Tofu is an incredibly versatile plant-based protein, and with the right preparation, it can be wonderfully crispy and absorb flavors beautifully. For this Apricot Ginger Tofu recipe, getting the tofu just right is key to a satisfying meal.

What You Need to Make the Tofu

  • Extra-firm tofu: The best choice for a crispy texture that holds its shape.
  • Avocado oil: A high smoke point oil ideal for pan-frying.

That’s truly all you need for the tofu itself! The simplicity of the tofu ingredients allows the rich apricot ginger sauce to truly shine. Extra-firm tofu is highly recommended for this recipe because it contains less water, which makes it easier to press and achieve that coveted crispy exterior. While firm tofu will also work, you may need to press it for a bit longer to remove excess moisture.

Speaking of pressing, this step is crucial! To press tofu, you can use a dedicated tofu press or a DIY method: wrap the block of tofu in a few layers of paper towels or a clean kitchen towel, place it on a plate, and then place something heavy on top (like a stack of cookbooks or a cast iron skillet). Let it press for at least 20-30 minutes, or even longer if using firm tofu. This removes excess water, allowing the tofu to become much crispier when cooked and better absorb the delicious sauce.

I personally prefer to dice my tofu into small, bite-sized squares for this recipe. This creates more surface area for the incredible apricot ginger sauce to cling to, ensuring every piece is coated in flavor. However, if you prefer a more substantial “steak” feel, you can certainly cut the tofu into longer, slab-like rectangles. Just be mindful that larger pieces may require slightly longer cooking times to achieve an even crispness.

cooked green beans in colander by Flora & Vino

How to Achieve Perfectly Crispy Tofu

Getting tofu truly crispy is a game-changer, and it’s easier than you might think! Once your tofu is pressed and diced, you’re ready to cook. Heat a nonstick pan over medium-high heat. A nonstick pan is highly recommended to prevent sticking and ensure even browning. Add 1-2 tablespoons of avocado oil to the pan. Avocado oil is excellent for pan-frying due to its high smoke point, which means it can withstand higher temperatures without burning, contributing to a better crispy crust on the tofu.
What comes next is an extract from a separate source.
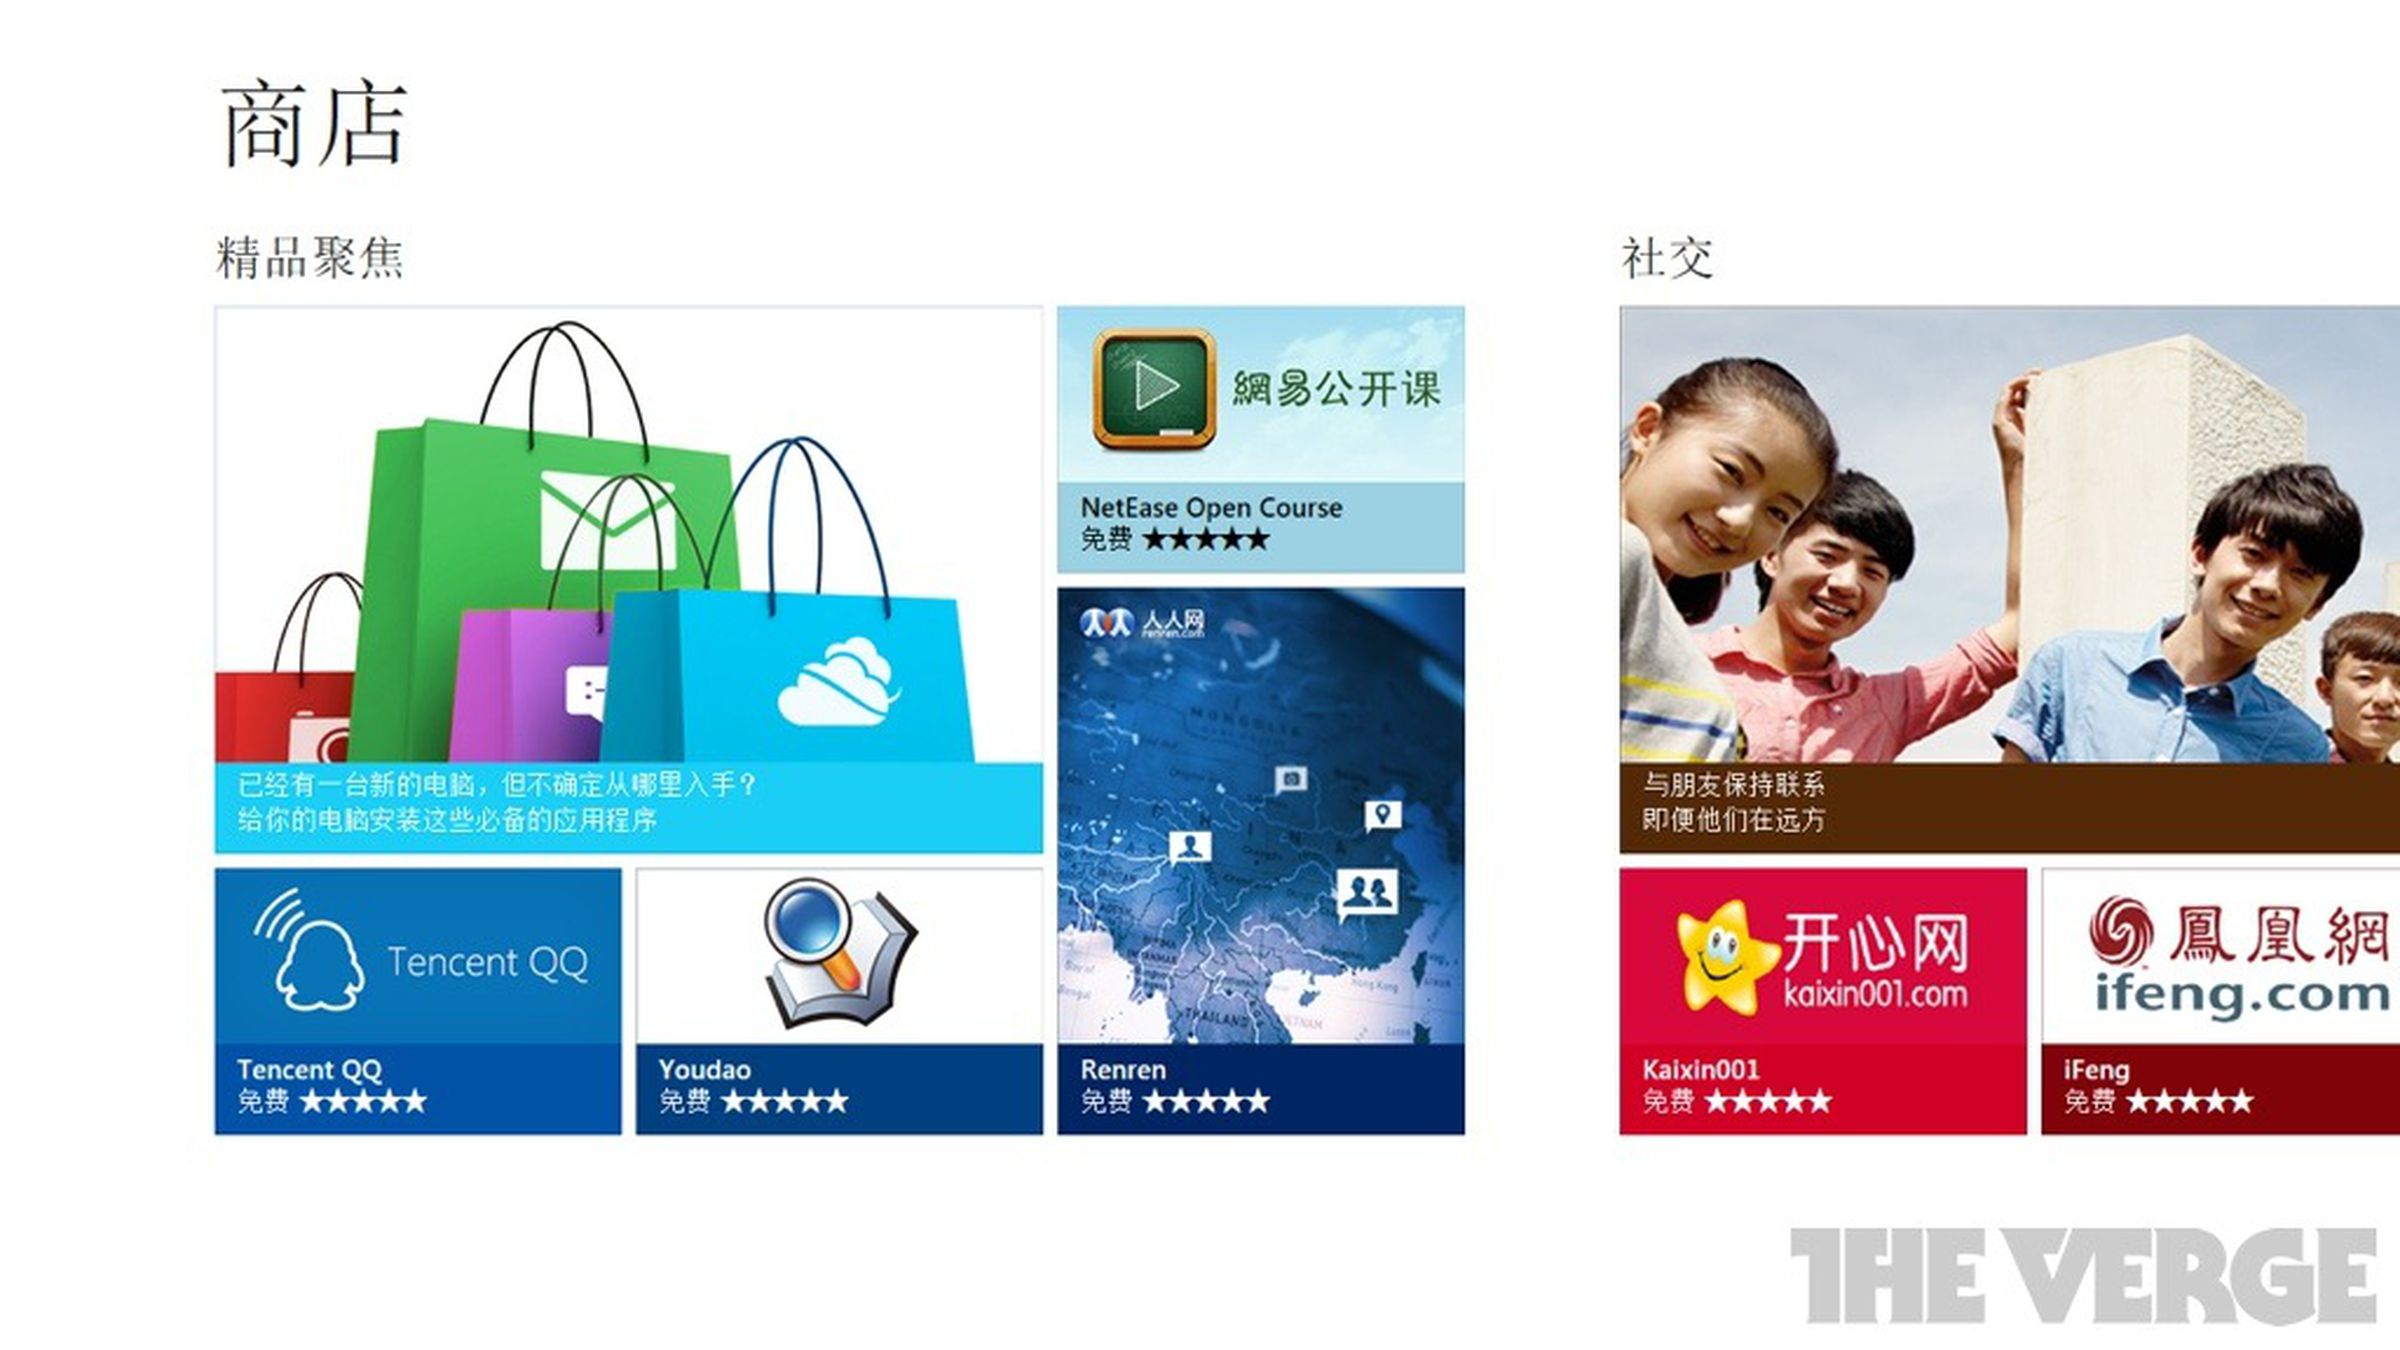 Windows Store for Windows 8 screenshots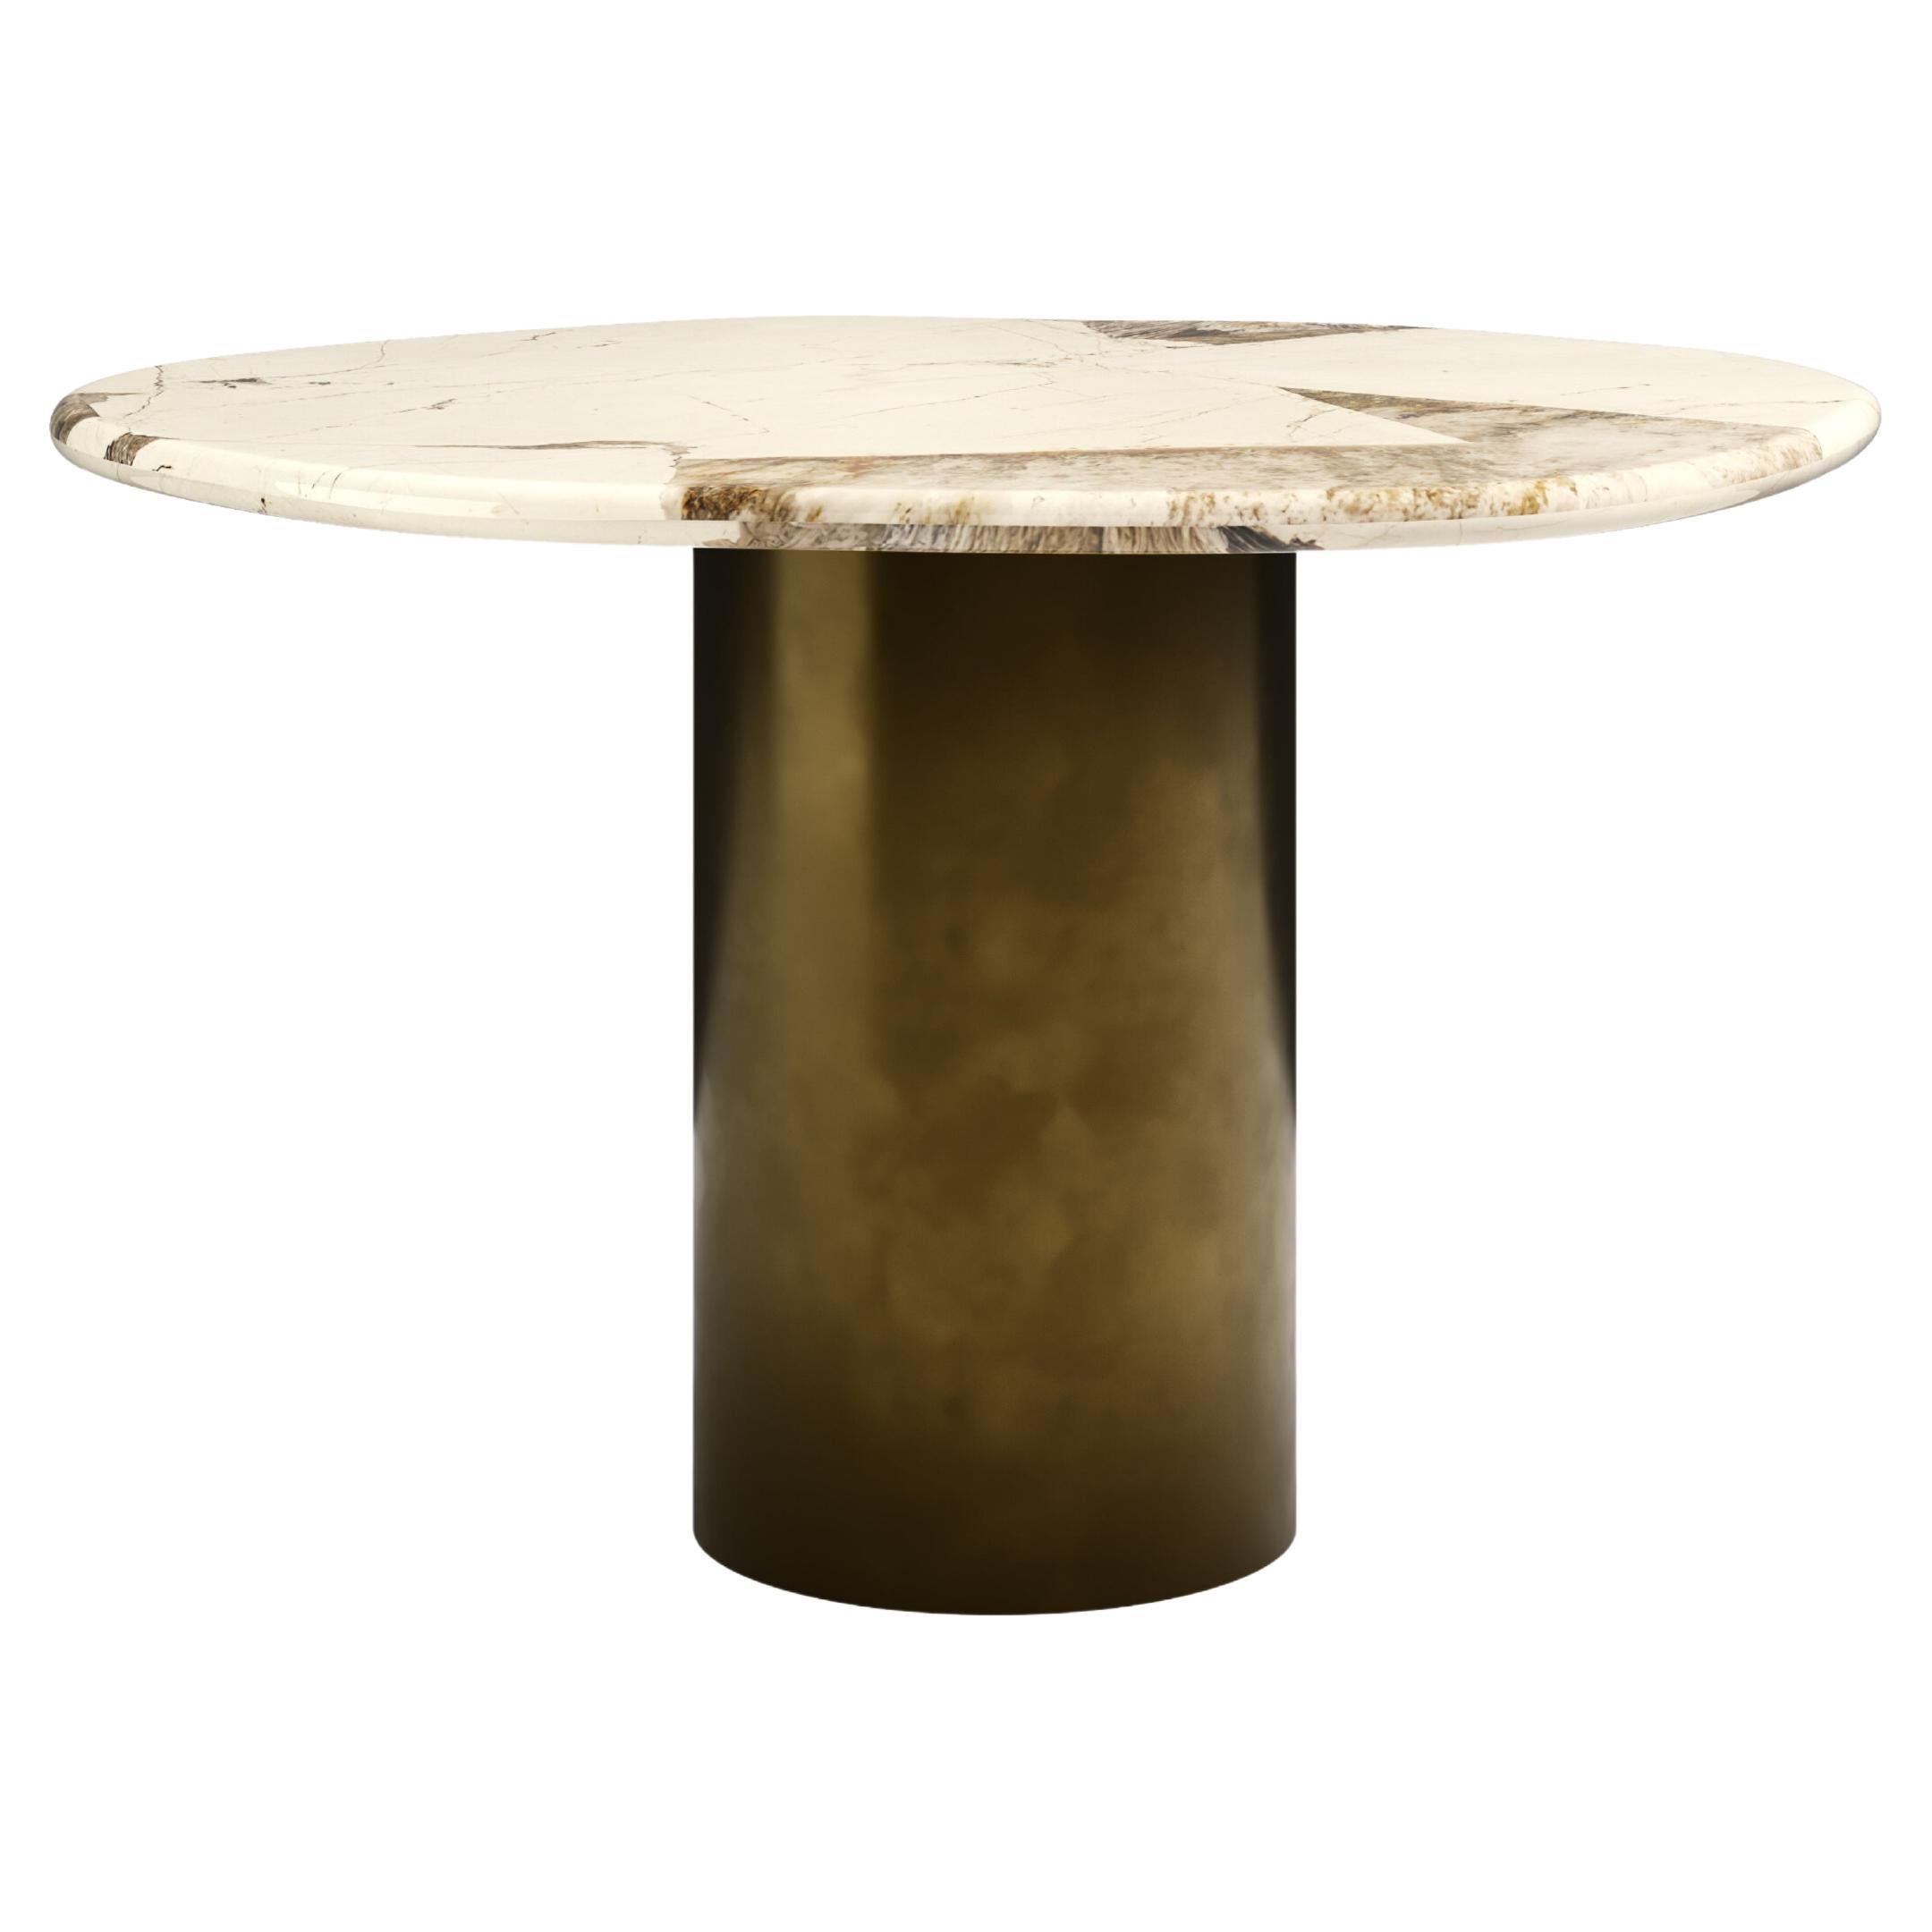 FORM(LA) Lago Round Dining Table 42”L x 42”W x 30”H Quartzite & Antique Marble For Sale

Once the pan and oil are warm and shimmering, carefully add the diced tofu. Don’t overcrowd the pan; if necessary, cook the tofu in batches to ensure each piece has enough space to crisp up. Heat the tofu for 10-15 minutes, or until it’s beautifully brown and crispy on all sides. The key to even browning is to toss the tofu frequently, ensuring all surfaces come into contact with the hot pan and oil. You’ll notice the tofu transforming from soft and pale to golden brown and delightfully firm. This crispy texture is what makes this vegan dish so incredibly satisfying.

Once the tofu reaches your desired level of crispness, it’s time for the magic. Pour the prepared apricot ginger sauce directly into the pan with the cooked tofu. Stir gently to ensure every single piece of crispy tofu is completely coated in the luscious, sticky sauce. Continue to heat everything for another 1-2 minutes, just until the sauce is warm and bubbling. As it heats, the sauce will thicken slightly and adhere beautifully to the tofu, creating an irresistible glaze. Your kitchen will fill with the most amazing aromas at this point – a sweet, tangy, and subtly spicy fragrance that promises a delicious meal. This final step not only warms the sauce but also allows the tofu to fully absorb the rich flavors, making each bite an explosion of taste.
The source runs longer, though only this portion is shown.